Hypovolemia may be a major precipitant of both hyper- and hyponatremia, depending largely on a patient’s access to free water. Older patients are at an increased risk of free water loss because of impaired water concentrating abilities in the aged kidney, but they are also prone to urinary sodium losses as a result of dysfunction at the loop of Henle.¹⁶ Taken together, this results in reduced ECF volume status, which is corrected by increased stimulation of ADH and a resultant dilutional hyponatremia in patients with access to water and increased water intake. Conversely, in patients with an impaired thirst mechanism, or in those who don’t have access to water because of their impaired mobility or altered cognitive status, the effect on serum sodium is variable. This is because even though ADH is still maximally stimulated in this circumstance, lack of access to water prohibits the development of dilutional hyponatremia. Renal sodium losses are ongoing, if only to a mild degree, and are generally accompanied by some degree of concurrent water loss despite maximal stimulation of ADH. As such, the resulting serum sodium may be either increased or decreased depending on whether relatively more sodium or free water is lost in the urine.

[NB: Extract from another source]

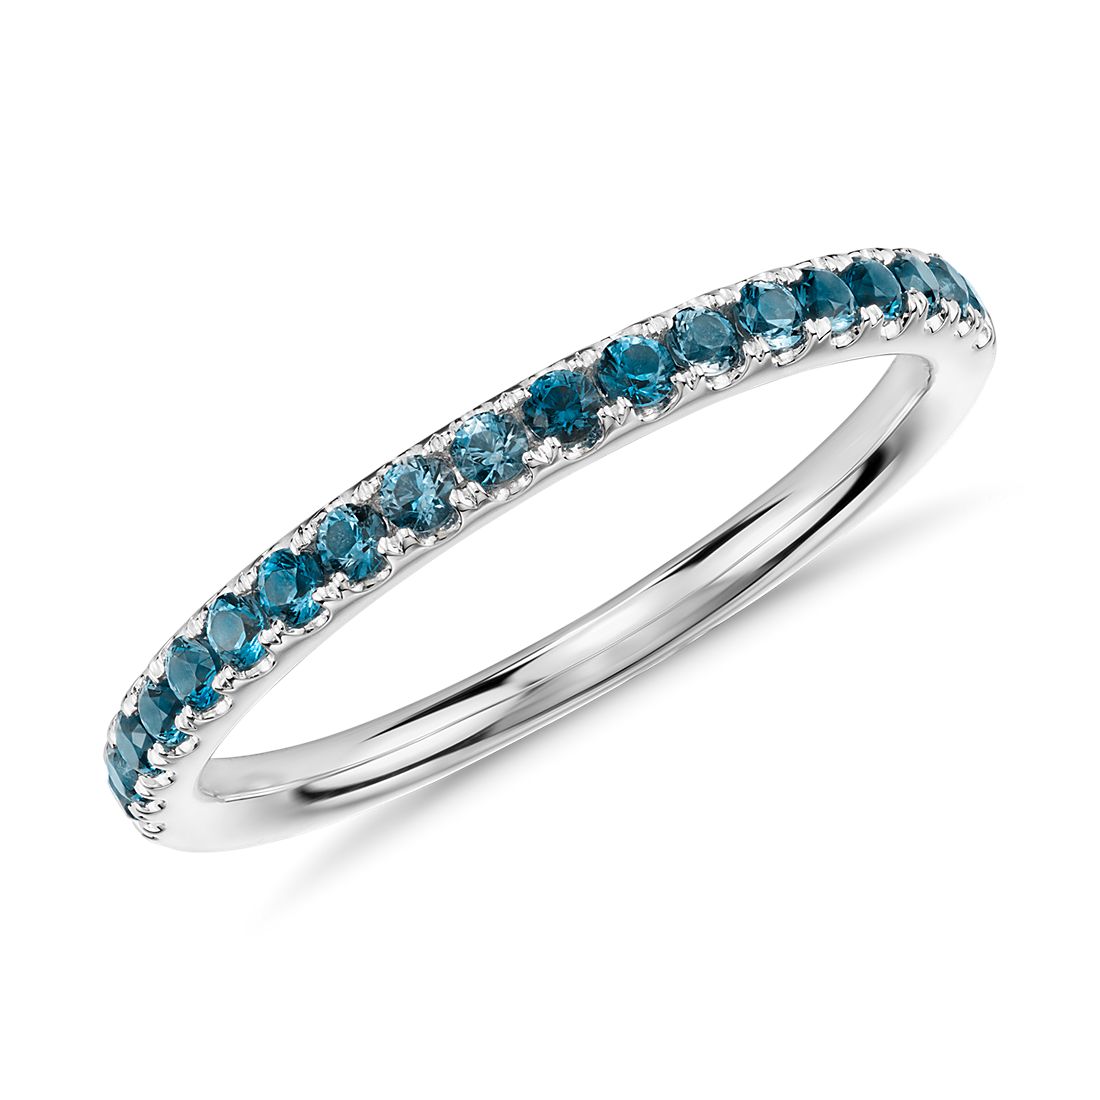 4.01 Carats Genuine Blue Topaz and White Topaz Ring Solid .925 Sterling Silver with Rhodium Plating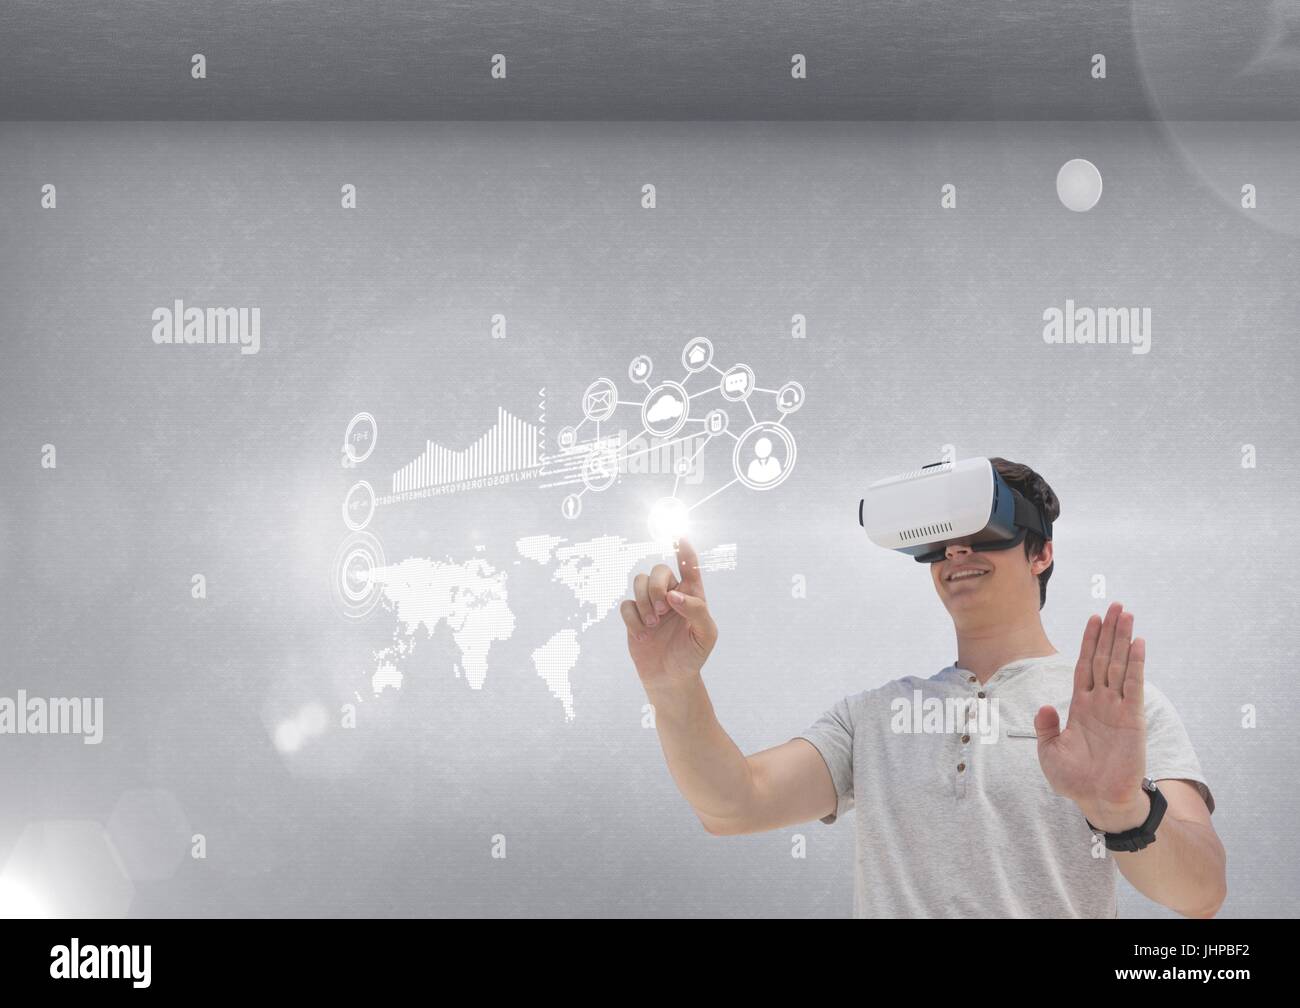 Digital composite of Happy man in VR headset touching interface against grey background with flares Stock Photo

In addition to ADH, sodium status is also influenced by the renin-angiotensin-aldosterone system (RAAS). In periods of low sodium intake, many older patients show an impaired ability to restrict urinary sodium losses compared to their younger counterparts.¹ This may result in hyponatremia and, because water follows sodium along osmotic gradients, in hypovolemia with renal water losses. In addition to loop of Henle dysfunction, the mechanism for reduced sodium concentrating ability in the kidneys of older adults has been proposed to be partially due to a blunted RAAS response to low serum sodium (see Figure 82-1).¹⁷ In younger individuals, hypovolemia stimulates RAAS, resulting in reabsorption of sodium and excretion of potassium in the renal tubules as a means of maintaining euvolemia and electrolyte homeostasis, respectively (Figure 82-3). An impaired RAAS, with less absorption of sodium and excretion of potassium in the face of hypovolemia, may thereby result in both hyponatremia and hyperkalemia in older hypovolemic patients. In addition, in older people, aldosterone is present at lower levels¹⁶ and is under a greater degree of inhibition on the basis of increased basal atrial natriuretic peptide (ANP) levels, which negatively feed back on RAAS, and on aldosterone directly. Furthermore, the renal tubules of older patients are less responsive to the effects of aldosterone.¹⁶ In consequence, in cases of hypovolemia, older adults can develop hyponatremia as a result of both serum sodium dilution via ADH and reduced conservation of sodium via an impaired RAAS. The obligatory renal sodium losses common in older adults is demonstrated by the fact that older people have been shown to have increased 24-hour urinary sodium losses compared with younger adults despite lower renal tubular sodium levels in the older adult population.¹⁷ Increased urinary sodium losses may also be influenced by the fact that older adults have been shown to have an increased ANP level, which fails to suppress in periods of hypovolemia.¹ In younger adults, ANP is stimulated by hypervolemia and serves to stimulate renal sodium wasting with corresponding volume loss. In older patients, elevated ANP levels in periods of hypovolemia can exacerbate volume loss and put patients at increased risk of related complications.